Many autoantibodies to cellular constituents are useful biomarkers associated with a certain diagnosis or clinical manifestations or both. Autoantibodies in polymyositis/dermatomyositis (PM/DM) have been actively studied in recent years, and several myositis-specific antibodies (MSAs) have been newly described.

In the previous issue of Arthritis Research & Therapy, Muro and colleagues [1] reported a detailed epidemiologic analysis in central Japan on one of the recently described MSAs, anti-MDA-5 (melanoma differentiation-associated gene 5). This autoantibody was originally named anti-CADM-140 because of its association with clinically amyopathic DM (CADM) and the molecular size (approximately 140 kDa) of the target antigen [2]. The antigen was only recently identified as MDA-5, a cytoplasmic viral RNA receptor with RNA helicase activity [3]. MDA-5 is a part of anti-viral innate immunity. Stimulation of MDA-5 by its ligand induces type I-interferon (I-IFN) production, and I-IFN also upregulates MDA-5. A strong association of anti-MDA-5 with CADM accompanying interstitial lung disease (ILD) was confirmed in several independent studies [3, 4]. ILD in this subset is often rapidly progressive and resistant to treatment, making the detection of anti-MDA-5 clinically important. Reports on anti-MDA-5 were limited to Japan and Korea until recently, when a study in the US confirmed the presence of this specificity [5].

MDA-5 as a target of autoantibodies in a subset of DM makes an attractive story because both viruses and I-IFN have been implicated in the pathogenesis of DM. Muro and colleagues [1] showed that, in recent years at their institute, an increasing prevalence of anti-MDA-5 in a subset of patients was more prevalent in small rural towns compared with large cities. Furthermore, clustering of anti-MDA-5-positive cases to certain years and geographical areas is documented. In fact, five out of six and four out of four patients with anti-MDA-5 in 2002 and 2010, respectively, were from the two small areas along the Kiso River. These clustering patterns are consistent with the role of environmental factors associated with a rural community or the river/water system (or both) in the development of anti-MDA-5-positive CADM cases.

Among environmental factors in DM, ultraviolet (UV) exposure has been considered important since the percentage of DM within PM/DM and prevalence of anti-Mi-2 antibodies correlate with the UV index of the area [6]. In vitro upregulation of a major DM autoantigen, Mi-2, by UV exposure supports this idea. However, given the history and occupation of the patients, the role of sun exposure seems unlikely in this cohort [1]. Seasonal difference in onset and relapse in PM/DM was reported in several studies and is another factor consistent with the role of environmental factors; seasonally skewed onset of PM/DM with anti-Jo-1, all anti-aminoacyl tRNA synthetases combined, anti-SRP (anti-signal recognition particle), and anti-7SL RNA has been reported [7]. Also, other studies show a difference in prevalence of PM/DM in rural versus urban communities but without a clear explanation [8]. Others reported an increased prevalence of anti-nuclear antibody among rural populations and suggested environmental factors such as certain crops, animals, or pesticides as potential causes [9]. The role of the river/water as environmental factors for production of anti-nuclear antibody has been considered mainly on the basis of pollution by heavy metals and other chemicals, consumption of contaminated fish, and diseases transmitted via water or water-related insects [10]. Whether the river/water plays a critical role in clustering in the study [1] remains to be clarified.

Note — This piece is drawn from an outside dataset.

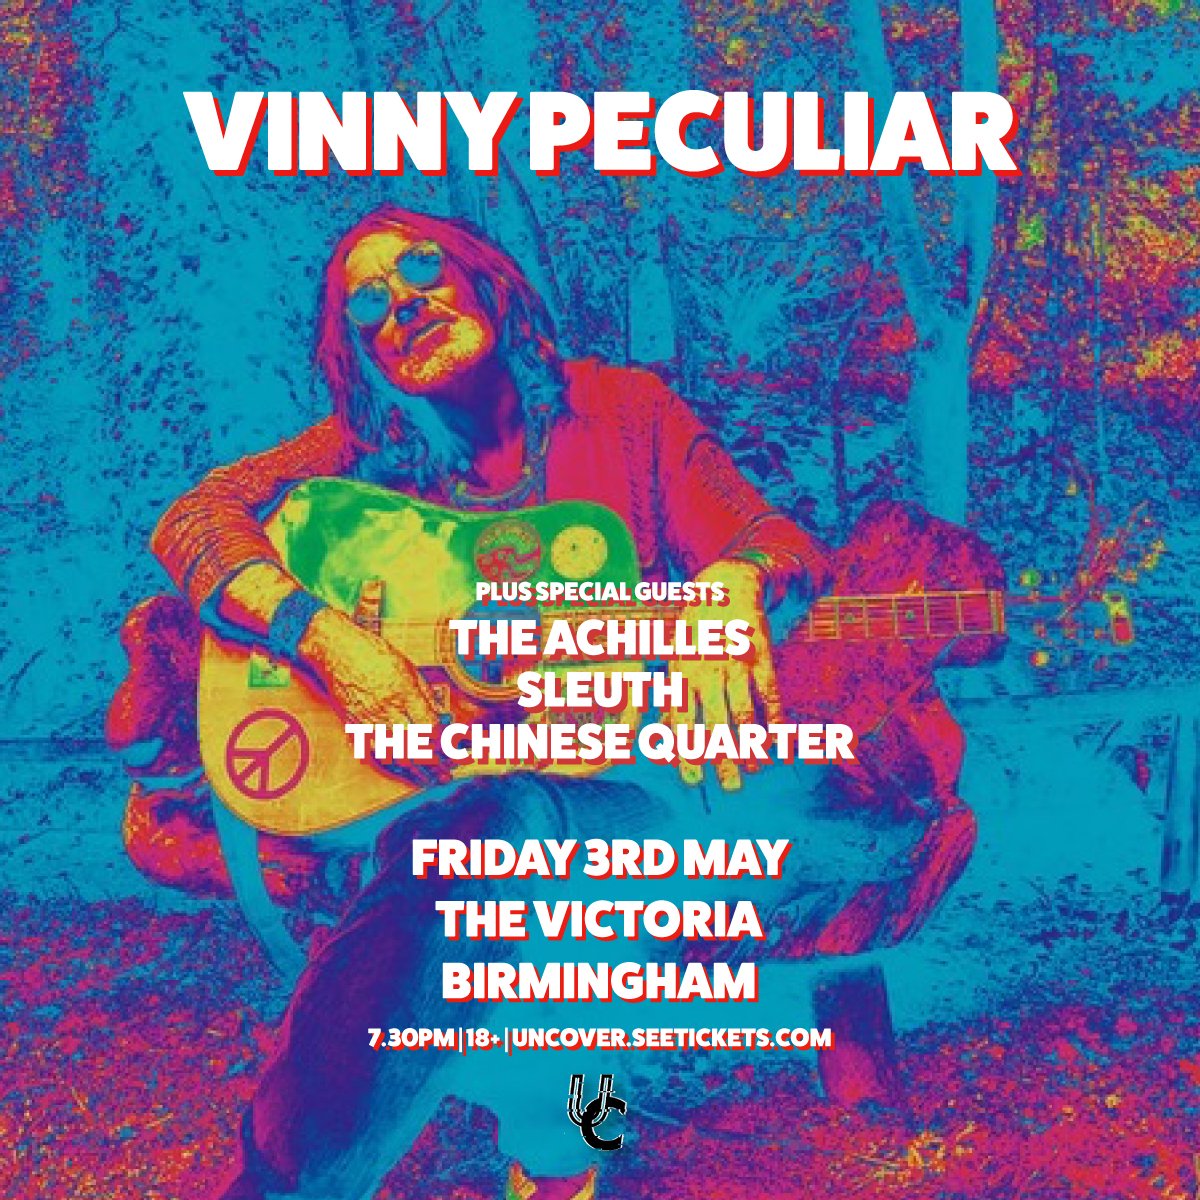 ONE MONTH TO GO 💙 @vinnypeculiar headlines @TheVictoria, Birmingham, on Friday, 3rd May, with special guests The Achilles, Sleuth and The Chinese Quarter 💥 Tickets on sale now: bit.ly/3QJ46Mz

Large-scale multi-center studies have been a trend in recent years and are based on the assumption that environmental or minor genetic differences within the same country do not have significant effects. Samples and data from different institutes are pooled together; when the differences in prevalence of autoantibodies or other clinical features between institutions are found, they are usually interpreted as bias in recruitment or methodological heterogeneity between institutions. However, in other studies, regional differences in prevalence or geo-graphical clustering of patients with PM/DM, scleroderma, or systemic lupus erythematosus or in production of certain autoantibodies [11, 12] have been reported without clear explanation. Genetic heterogeneity within the same ethnicity, which may significantly affect auto-antibody production pattern, is also well known. Some of the samples from this cohort [1] were included in a previous multi-center study in Japan, which reports 11% prevalence of anti-MDA-5 in DM [13]. In contrast, prevalences of anti-MDA-5 in this small cohort are 27% overall, as high as 42% in the last 8 years, and 45% in rural areas [1]. This difference seems to be too much to be explained on the basis of recruitment bias or methodological errors, especially when the data show clustering in small areas.

As shown in Muro's study [1], the difference in genetic or environmental factors (or both) related to a specific geographic area should be carefully evaluated. This study may also offer clues that are not apparent in the large number of pooled samples in multi-center studies and that elucidate the pathogenesis of specific autoimmune disease and production of autoantibodies.